— Служить будешь честно, в обиду не дам! — пообещал Кроткий. — Сам чуть чего обижу! Усек?
Вторые сутки сын и внук графов Шуваловых, правнук княгини Татищевой, проходил воровскую школу лучшего вора юга, случайно пойманного на тысячной афере.
— Не боись, Граф. За Ленькой Кротким восемь высылок за Урал и аккурат восемь возвратов. Без помощи каторжных властей! И на этот раз возвернемся. Свои люди везде есть. Ты только фраком своим не свети, даром что театральный. Ты фрак у Кузьмина на рубаху попроще сменяй. Вишь того бородатого в углу? Это и есть знаменитый Кузьмин, держатель хрустального дворца на Казанской, блатер-каин, скупщик краденого. Третьего дня сыскари да полицаи повзбесились. Облаву по всем малинам устроили. Не иначе как тебя, Граф-графейник, ловили. Хватали без разбору, без понятия. В другой раз как Ленька Кроткий в одной камере с Кузьминым оказался бы! Разного мы полета, полицейские, они о нашем ранжире понятия тоже имеют. Что же ты за птица, что заради тебя серьезных людей не испугались, загребли?

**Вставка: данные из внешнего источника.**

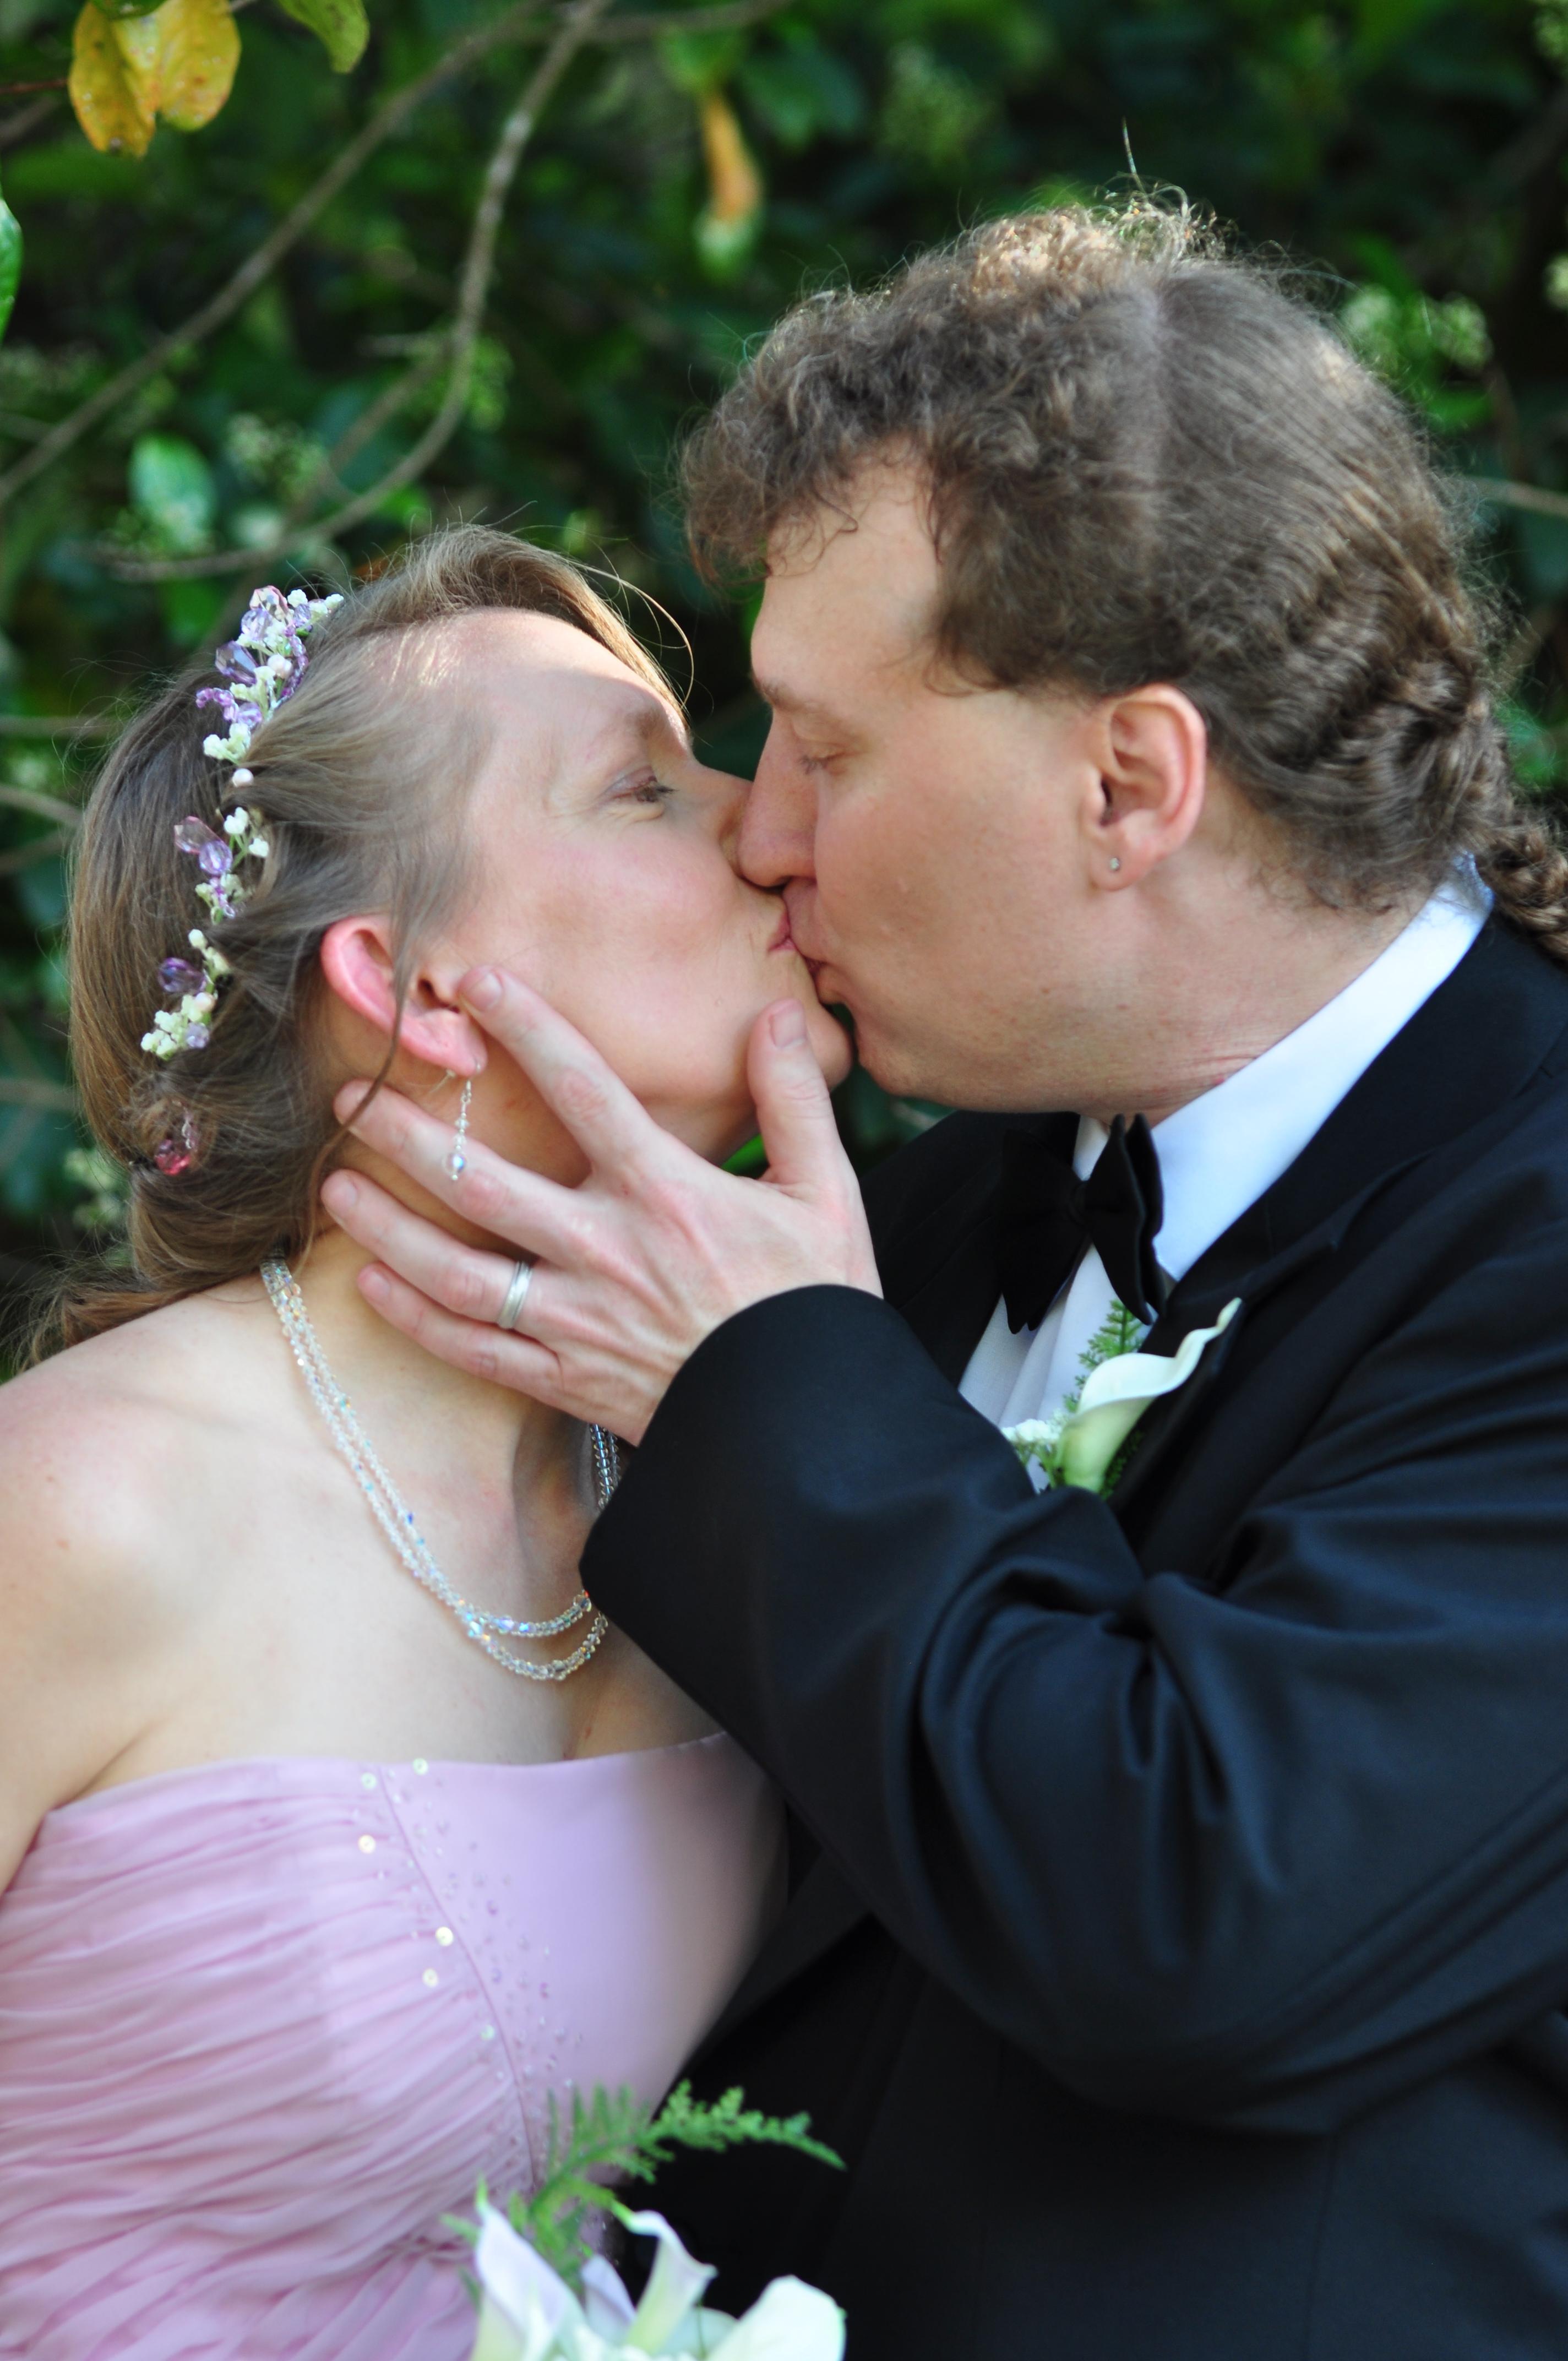 emily-and-travis-4-1-2013-april-fools-wedding-421

— А откуда у Кузьмина в тюрьме найдется «что попроще»? — вопросом на вопрос ответил Иван.
— Дурак или придуряешься? Не нашего ты поля ягода, что ль, когда простого не знаешь? Чтобы блатер-каин с выгодой фрак на косоворотку не обменял?! Ты про другое на ус мотай, хоть у тебя с усами не густо пока! Завтра нас из участка в новую тюрьму на Богатяновском прошпекте перевозить будут. Тогда и бежать станем.
— Как бежать?!
— Ножками! Что-то у вас, у международных аферистов с мозгами не так! Стотысячные аферы, говорят, крутите, а простого сообразить не можете. Сотня караульному, по тридцатке охране. И еще двести сверху на начальство. Караульные в нужном месте тебя и проворонят.
— Сто, двести, по тридцатке. А сколько всего охраны?
— Пять рыл будет.
— Это ж больше четырехсот рублей. У меня столько нет! — в отчаянии проговорился Иван. Но вовремя поправился: — С собой нет.

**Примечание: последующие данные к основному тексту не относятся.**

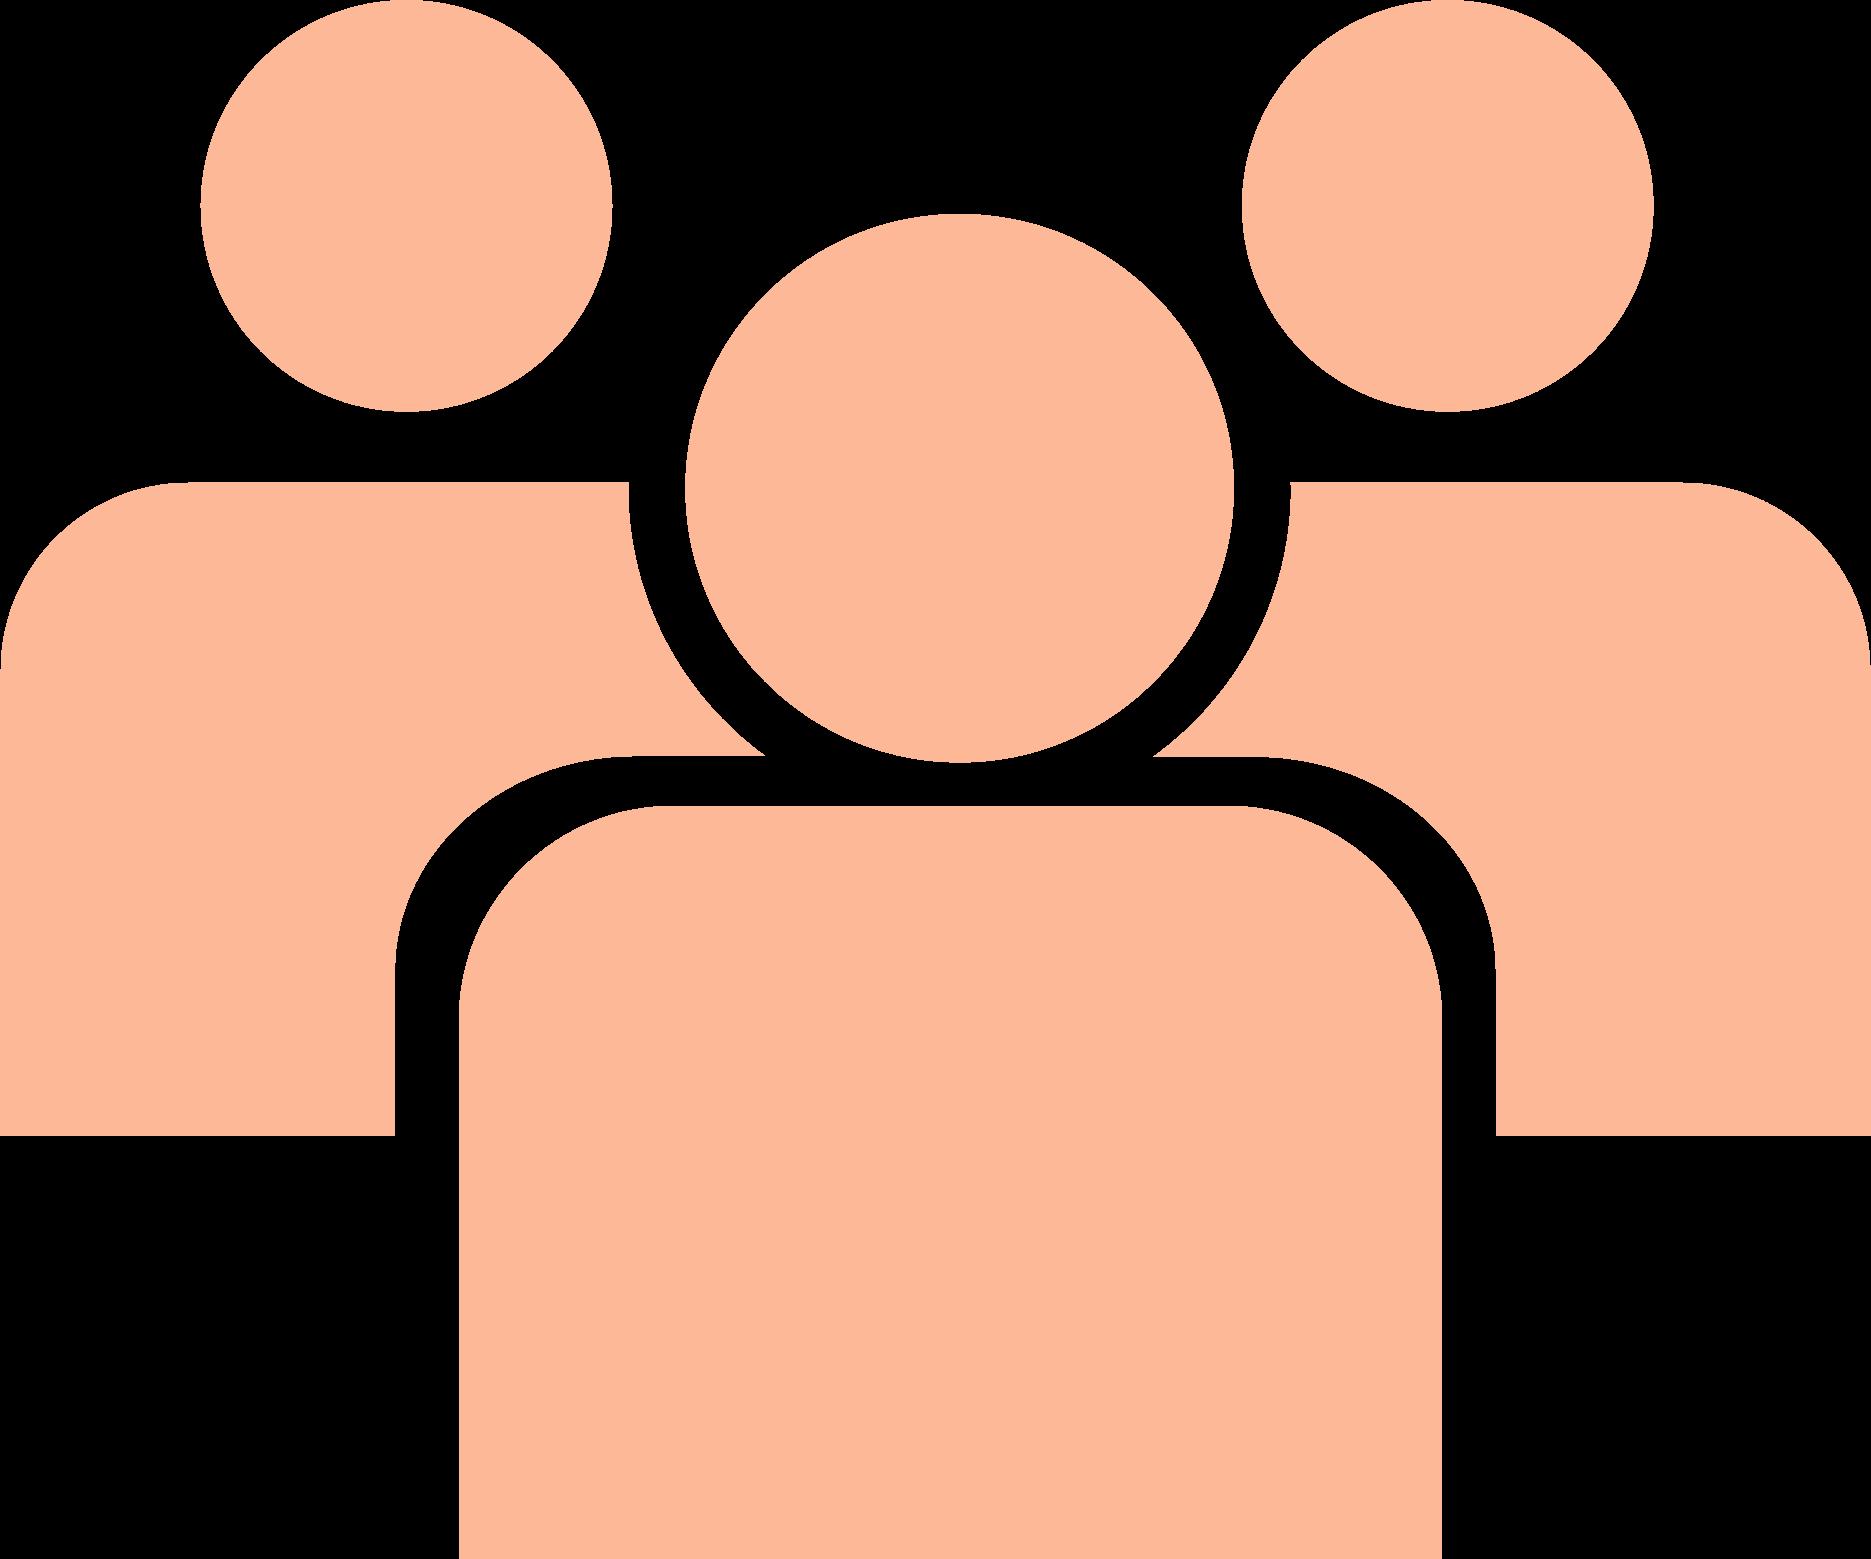 Community_Noun_project_2280.png

— Отдашь потом. Международный. С процентами отдашь! Ленька тебе грамотные проценты насчитает. Волюшка, она дороже стоит! Сейчас маляву на волю напишешь. Мой человек из охранных снесет, куда скажешь. Пусть деньги готовят, понял?
— А бежать куда?
— Малин, что ль, мало в Нахаловке! Да ты, никак, в этом городе впервой! Не боись, с собою прихвачу, не забуду. Но это денег будет стоить, Международный.
— Сколько?
— Пять тыщ. Но уже без процентов. Свои люди — аристократы, сочтемся! А не сочтемся, сам тебя порешу. Даром, что не мокрушник, но Стояновскую школу не забыл. Урою — не пикнешь! Чего заснул, бери карандаш, пиши маляву!
— И на что вам телеграфия аж в Италию, милая барышня?

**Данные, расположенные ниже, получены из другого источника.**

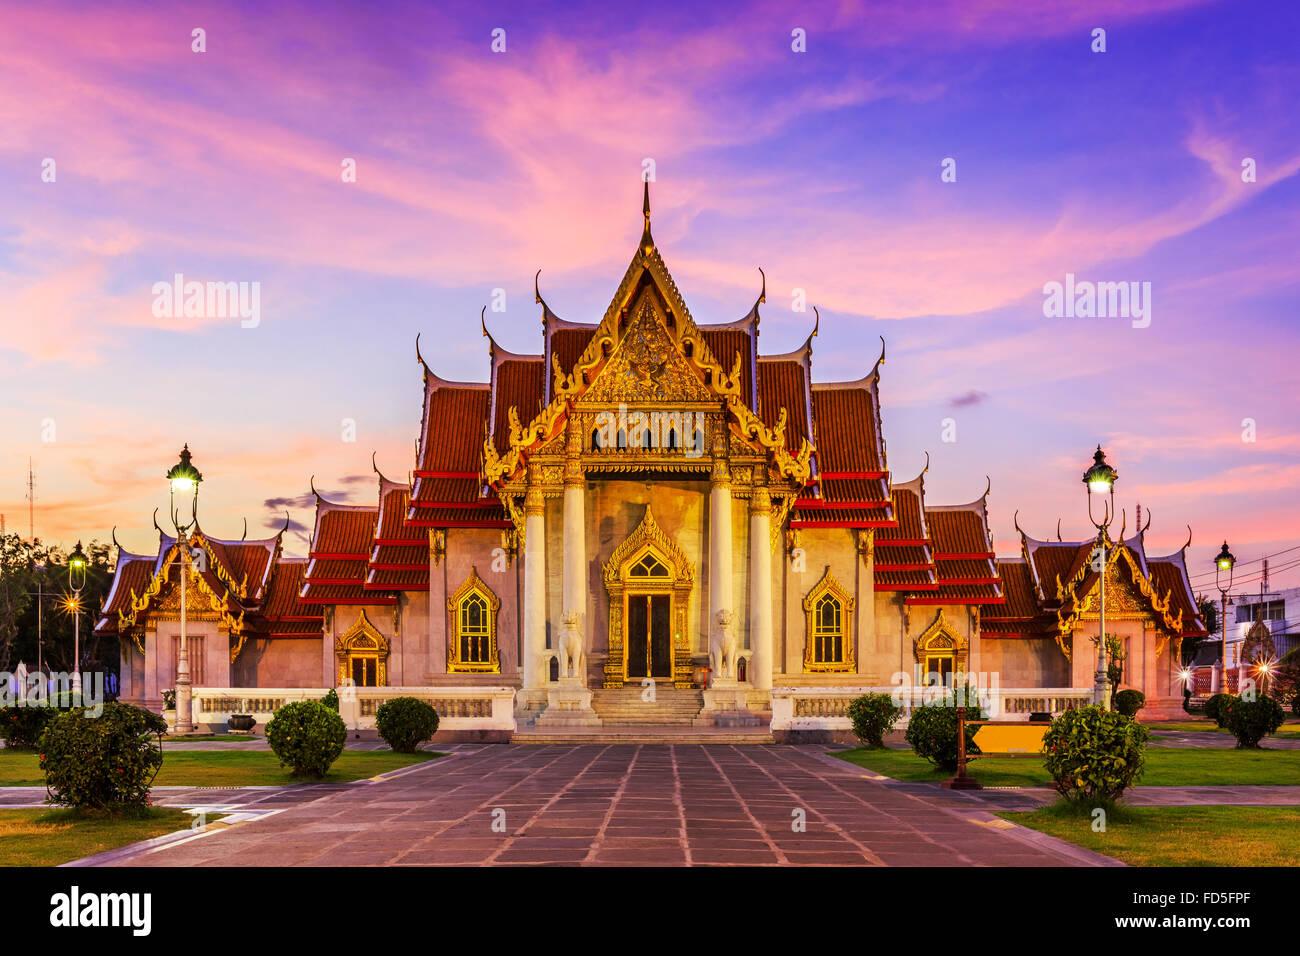 Bangkok, Tailandia. Il tempio in marmo, Wat Benchamabopit Dusitvanaram al tramonto. Foto Stock

На парапете возле недавно выстроенного здания городской почтовой конторы на улице, естественно, носящей название Почтовой, сидел не до конца протрезвевший человек, носящий гордое название «писателя». Накануне в гостинице армянского общества вернувшуюся за полночь Варьку сперва оттаскали за косы, приказали перемыть-передраить все, что с вечера пробегала, после чего идти спать. Обещали ее прежде срока отправить в Нахичеван, нечего в дорогой «хотеле» без пользы толочься. Но, перемыв все наказанное не только водой, но и слезами, девочка пробралась к знакомому приказчику Михрютке за советом. Приказчик надоумил наутро идти к почтамту, искать «писателя».
— На что мне писатель! Чай, не стишки посылать надобно.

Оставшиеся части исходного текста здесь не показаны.